Правда, в романе дьяволу противопоставлен и ангел - Цурукава, но насколько же он бледней, пресней и бессильней! Добро у Мисимы слабо, уязвимо, нежизнеспособно - оно присутствует в мире как бы по обязанности, по разнарядке, но влияние его на душевную одиссею Мидзогути ничтожно; оно гибнет легко и как бы между прочим, где-то на заднем плане, да еще приниженное и поставленное под сомнение. Мидзогути остается наедине со своей дилеммой и с Сатаной.

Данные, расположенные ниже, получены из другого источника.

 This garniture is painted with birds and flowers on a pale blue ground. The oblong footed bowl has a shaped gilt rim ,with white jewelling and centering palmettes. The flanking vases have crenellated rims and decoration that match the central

Главная "заслуга" Касиваги в том, что он содействовал укоренению страсти к святотатству, впрочем заложенной в герое романа изначально (история с кортиком курсанта). Однако Касиваги возвел святотатство в ранг священнодействия. Святотатство играет в романе особую роль - ведь оно той же природы, что убийство, только подчас еще более смертоносно, поскольку убивает душу. В миг последнего колебания перед Деянием Мидзогути ощущает прилив разрушительной силы, вспомнив святотатственные строки из дзэн-буддистского трактата "Риндзайроку", прежде звучавшие из уст Касиваги: "Встретишь Будду - убей Будду, встретишь патриарха - убей патриарха..." Святотатство - это средство растоптать в себе Прекрасное, вот почему оно дает герою облегчение. (Такова, например, кощунственная поминальная служба над могилой фрейлины Кого во время пикника: "Это небольшое святотатство необычайно оживило меня, я стал чувствовать себя гораздо свободнее".) С помощью таких мелких святотатств герой романа движется к чудовищнейшему из них - сожжению Храма, которое должно доставить ему полное и окончательное облегчение. В финале тяжкий груз Прекрасного падает с плеч Мидзогути, он свободен, только цена свободы - истребление души. Итак, Кинкакудзи сожжен. Ничто больше не встанет между Мидзогути и жизнью, конец раздвоенности, терзаниям и мукам. Прекрасное, символом которого был Золотой Храм, уничтожено, душа бедного монаха восстановила гармонию с окружающим миром. А может быть, души уже нет, она сожжена вместе с Прекрасным? Какое-то неведомое существо, хорошо выполнив свою работу, с пугающим хладнокровием закуривает и многообещающе произносит про себя слова, от которых делается не по себе: "Еще поживем..." Нет, это не тот Мидзогути, свидетелем душевных мук которого читатель был на протяжении всего романа.

IV

Я люблю красоту. Я нигилист, но люблю красоту. Разве нигилисты красоту не любят? Они только идолов не любят, ну а я люблю идола!

Ф.М. Достоевский. Бесы

Что такое жизнь, лишенная Прекрасного, жизнь ли это вообще? И что такое Прекрасное - очаровательный пушистый котенок или гнилой зуб, который, по словам Касиваги, "ноет, тянет, пронзает болью"?

Сожжение Золотого Храма и было "вырыванием гнилого зуба". Мисима попытался совершить сакральный акт - убить в своей душе Прекрасное, требующее все новых жертв, становящееся опасным для самой жизни художника. Писателя занимает вопрос: возможно ли прожить на свете вовсе без гнета Красоты?

Конец пятидесятых, начало шестидесятых - это период, когда Мисима примеряет маску нигилизма, изучая анатомию этого явления со свойственной ему обстоятельностью. В 1959 году выходит роман "Дом Киоко", который писатель назвал своим "исследованием нигилизма". Он писал: "Персонажи мечутся, повинуясь зову своих склонностей, профессий и сексуальных влечений, но в конце концов все дороги, сколь бы извилисты они ни были, приводят к нигилизму".